Cannabis and public health: a global experiment without control

Jürgen Rehm 1,2,3,4,5,6, Jakob Manthey 6,7
PMCID: PMC7215061  PMID: 32394582

Every few weeks, new findings on the effects of legalizing recreational cannabis use are published. Thus, the review of Hall and Lynskey 1 – or any review for that matter – can only provide a preliminary summary of the collected evidence to date.

Looking into public health effects of le­galization, two seemingly easy indicators may be prevalence and patterns of canna­bis use, as both are potentially linked to health and social problems in the presence or absence of legalization 2 . However, the main source for both indicators are surveys, with their severe limitations, as today's surveys are neither based on representative sampling frames nor on high response rates. In addition, in the case of cannabis, we are dealing with a (formerly) illicit and stigmatized substance, making comparisons over time even more challenging. More reliable measures such as wastewater analyses are needed here, but these measures cannot assess patterns of use or individual behaviors.

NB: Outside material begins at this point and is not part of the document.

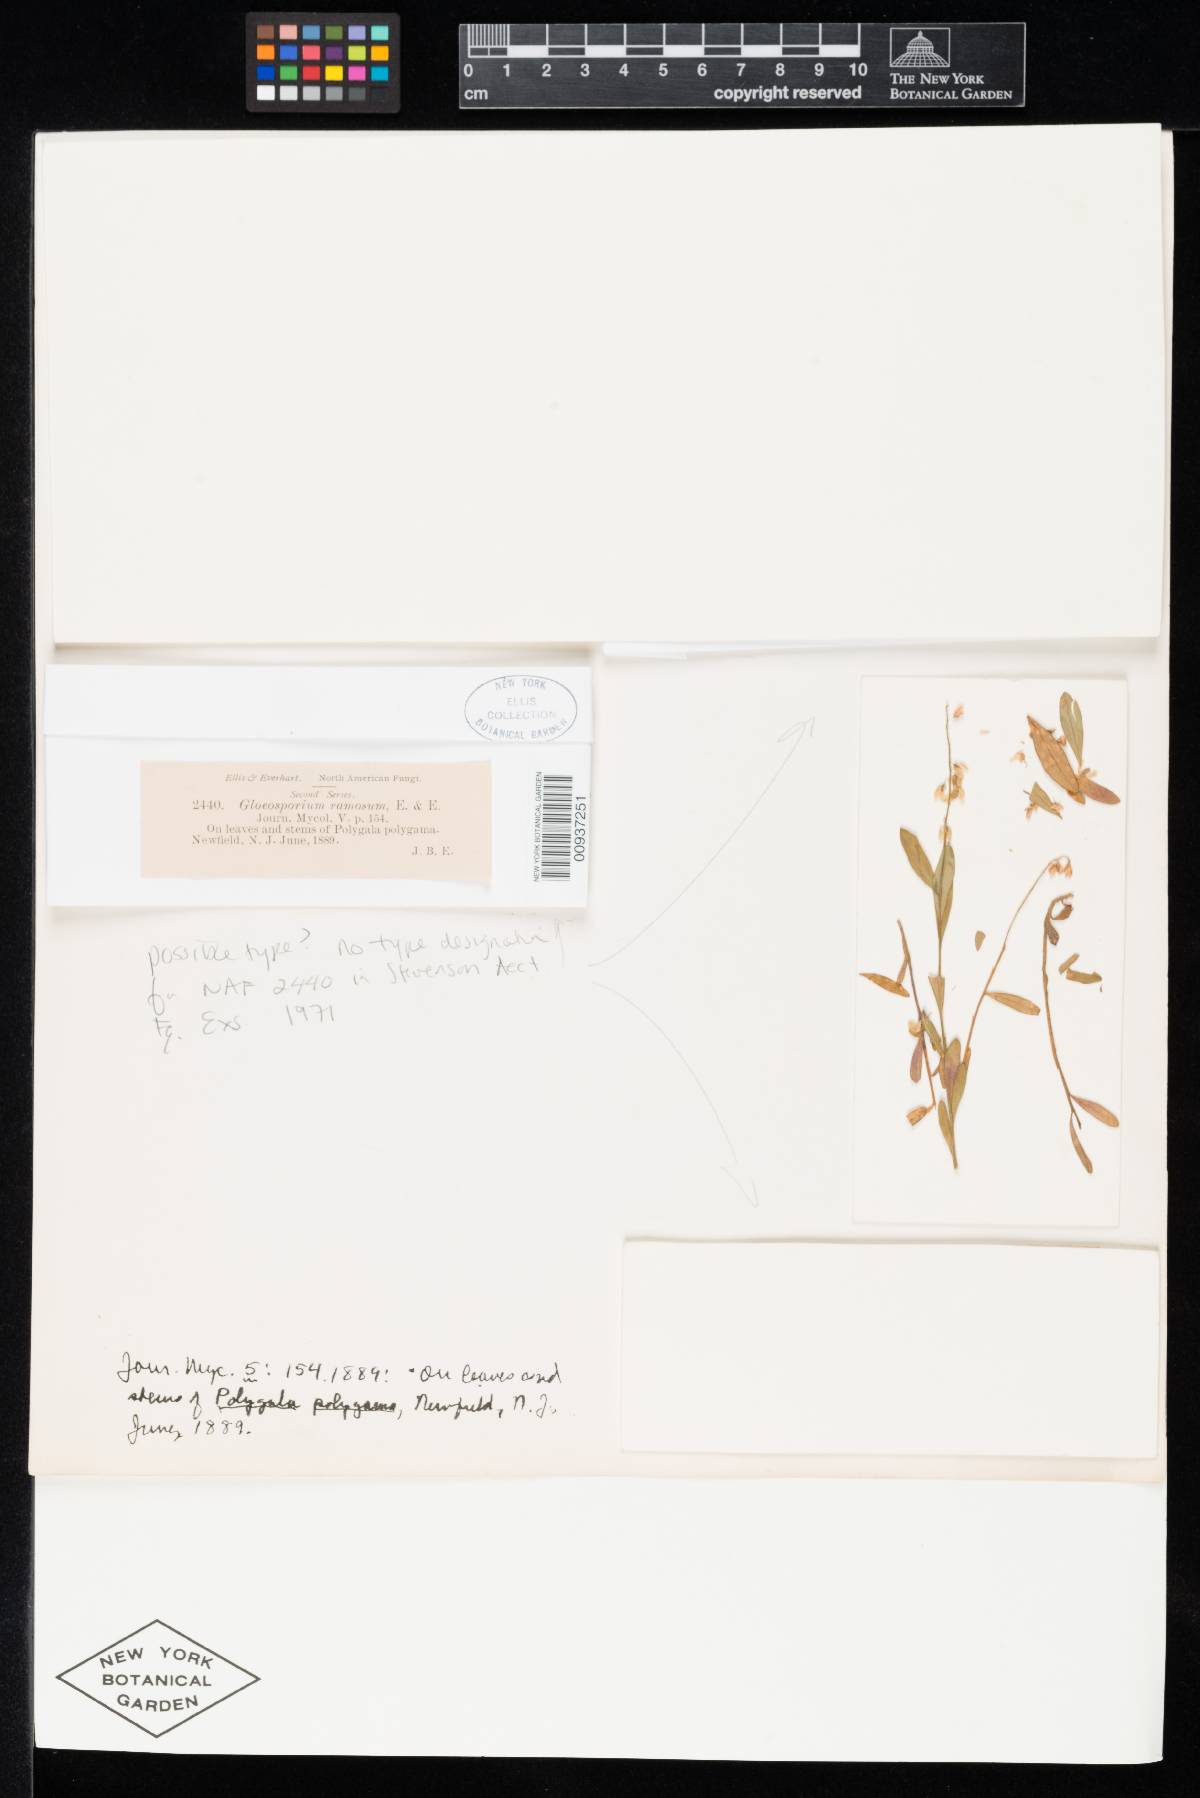 Gloeosporium ramosum image
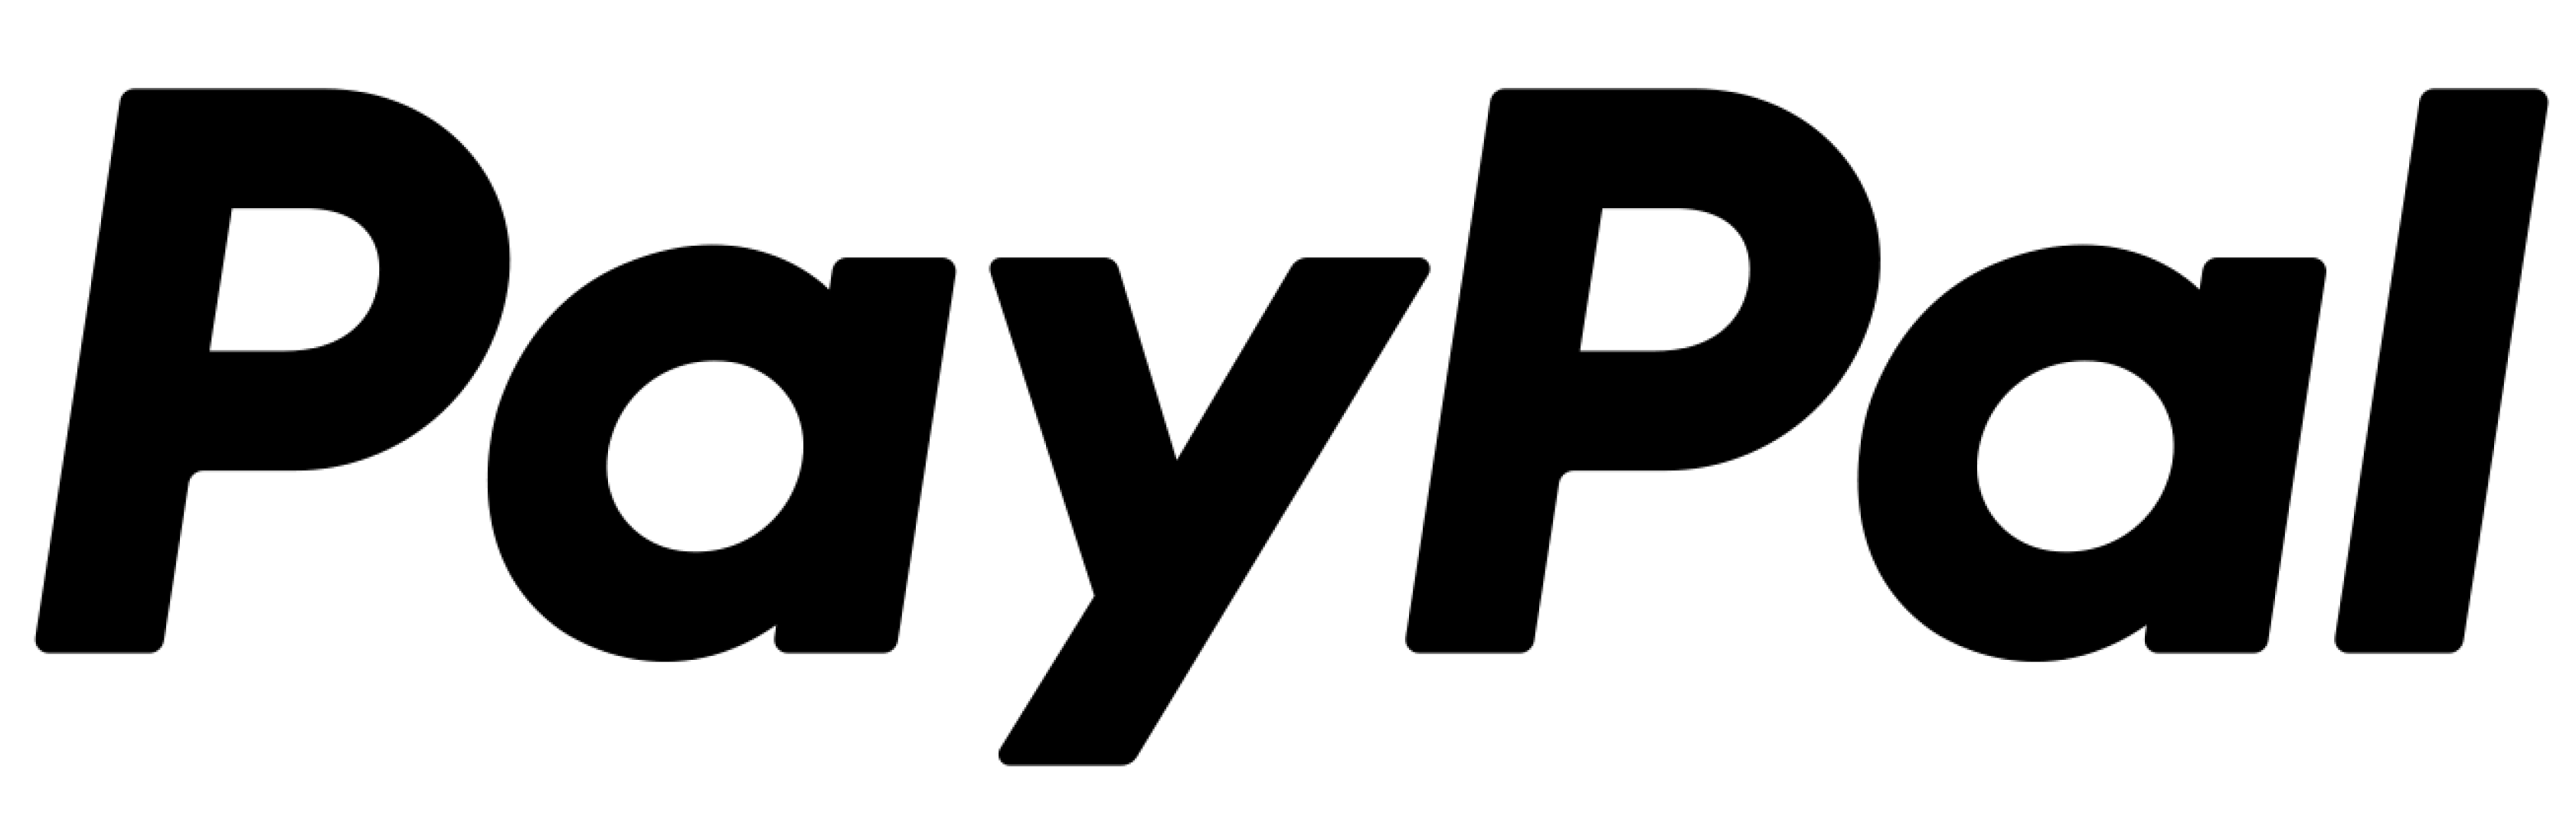 PayPal-logo Image

There are good indications that cannabis‐related hospital (emergency rooms, psychiatric wards) admissions have increased in legalizing US states, possibly driven by an increase in frequent use. In addition to further monitoring these trends in harms, Hall and Lynskey 1 suggest tracking treatment demand to allow for a short‐term evaluation of legalization's effects. However, as the authors acknowledge, there are many confounding determinants involved in such evaluations, including access to and availability of treatment, coercion, potency of used products, use of synthetic cannabinoids, help‐seeking behavior, stigmatization and public perception of cannabis use and associated problems. For instance, despite the liberalization of cannabis in Canada, with increases in use over the past years, there have been decreases in treatment rates, partly because liberalization seems to have led to higher thresholds for treatment seeking, as use per se is no longer considered problematic 3 . As long as these confounding determinants cannot be disentangled, treatment demand data should probably not be used as an indicator to evaluate the public health effects of legalization.

We also disagree with the statement that it is too early to evaluate the consequences of legalization on the legal system. We do not see why other domains can be evaluated now but not this one, one which has been put forth as the main argument by opponents of prohibition, and could quite easily be measured.

However, there are some general limitations in any evaluation at this point, especially since circumstances associated with legalization seem to be changing rapidly. In other words, legalization is not a clearly defined phenomenon, because it takes myr­iad forms on a spectrum ranging from tight control to open markets, even within a coun­try (such as in the US or Canada, where states or provinces decide on implementation).

Looking at the evidence gathered in the US so far, it becomes apparent that most evaluations will fail to identify causal determinants. For instance, if a potential rise in traffic fatalities in legalizing states is found, it may be attributed to “legalization” per se, when the underlying reason may in fact be a greater impairment of the drivers due to an increased use of high‐potency products – a phenomenon only accelerated by legal­ization.

Thus, identifying causal agents and processes poses methodological challenges which may not be overcome easily in analyzing natural, large‐scale experiments. To improve understanding of the effects of le­galization, we strongly advocate for small‐scale, controlled experiments, such as those proposed in the city of Berlin, Germany 4 . There, the effects of legal access to cannabis are to be studied in a restricted sample of registered users, while users without legal access serve as controls. Such experiments – limited both spatially and temporally – will allow researchers to examine how increased availability impacts on consumption patterns and related risks in greater detail, and thereby provide an evidence base for formulating large‐scale regulation models.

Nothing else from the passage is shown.